WELCOME TO OUR BLOG

JOIN US AS WE SHARE THE EXPERIENCES AND RECIPES OF OUR ALL-SEASON ORGANIC GARDENING ADVENTURES AND OTHER RELATED STUFF AS WE DIG, WEED, HARVEST, AND COOK OUR WAY THROUGH EACH GLORIOUS GARDEN YEAR!

Wednesday, November 16, 2011

One with the Land


Autumn Cabbage

Having spent most of my life nomadically moving from place to place, I'm beginning to feel one with the land. I grew up in Southern California, observing acre after acre of field and forest and farm and orchard being converted into tracts of little pink houses. I was not, nor could not be connected to the earth in that scenario. I was drawn to places like Big Sur, Joshua Tree and farm communities like Gilroy, California, the garlic capital of the world. But I was there as a voyeur, a visitor. I was looking for connection but I was just passing through. Later I lived in Washington D.C. and spent weekends canoeing up the Potomac. Living even later near Boston I hiked with my dog in Thoreau's stomping ground. Though these places were inspirational and even therapeutic, I was still passing through.
Winter Forest
American Indians felt a mystical oneness with the land. Who they were was intertwined with the land they inhabited. They were not separate from the earth, but spiritually connected to the land, the flora and fauna.
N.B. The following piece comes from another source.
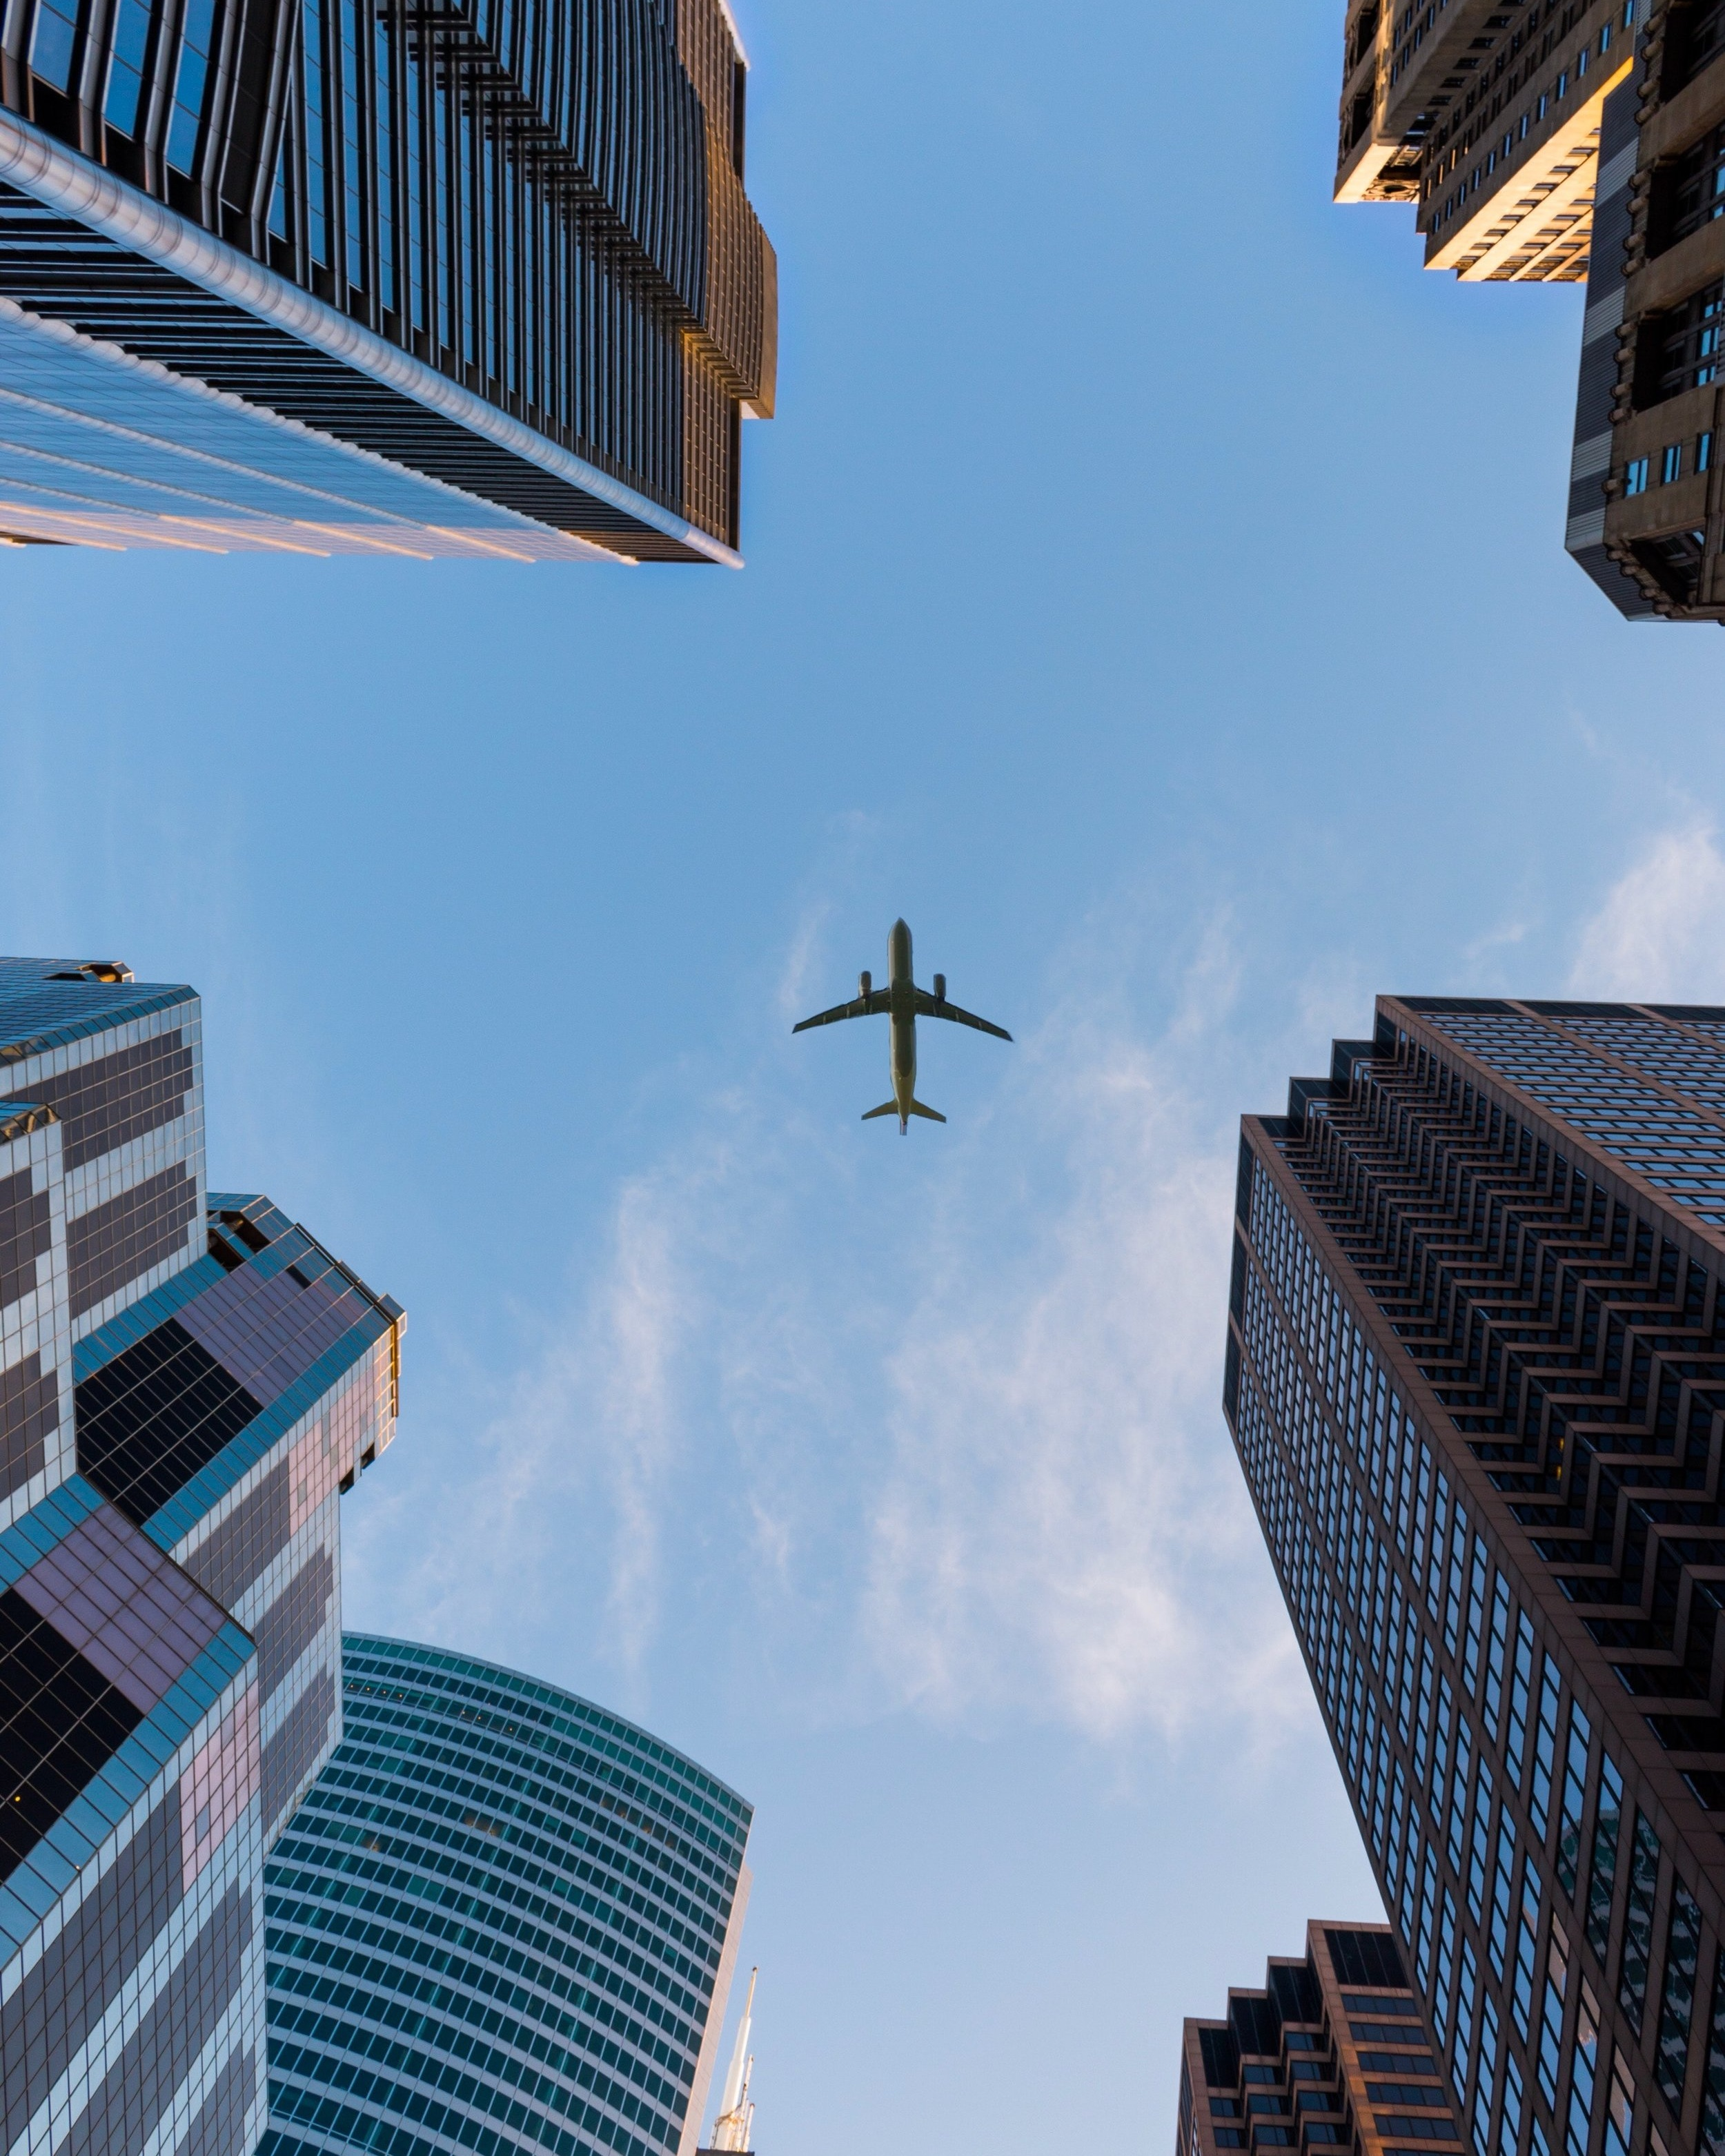 airplane-architecture-big-city-1157255.jpg

There was no differentiation between the people and the land. The land was the people and the people were the land.
While I have not reached the level of the early Americans and their mystical connection to the earth, I have touched their spirit. Our twelve acres are becoming part of me and myself a part of the trees, the stream, the chipmunks and even the swamp. My hands have been in the dirt in which we plant the squash and the lettuce. When I'm away I think about our twelve acres, I talk about our cabbage and our garlic and our peppers. I no longer think about "getting away", but of getting back to the land I am attached to. While I don't know the technical names of all the plants and trees around me, I do know many by acquaintance. The big oak tree that marks the path toward the stream is the "Three Sisters" because the trunk branches off into three directions. I recognize this majestic tree and pay my regards whenever I pass by. There are unique outcroppings of ledge that have their own personalities. I talk to the frogs in the stream in the summer. I know where the garden snakes hang out. The land is not only familiar but is becoming a part of my consciousness. 
Where once my inspiration was with Jack Kerouac's "On The Road", now it's Scott and Helen Nearing's "The Good Life". Instead of hitchhiking to the Grand Canyon, I'm thinking of what can grow in our garden to end up on our dinner table. I take hikes in our woods with the dog. These twelve acres are becoming a part of me and I a part of them. I'm becoming connected. I am the land and the land is me. -G.H.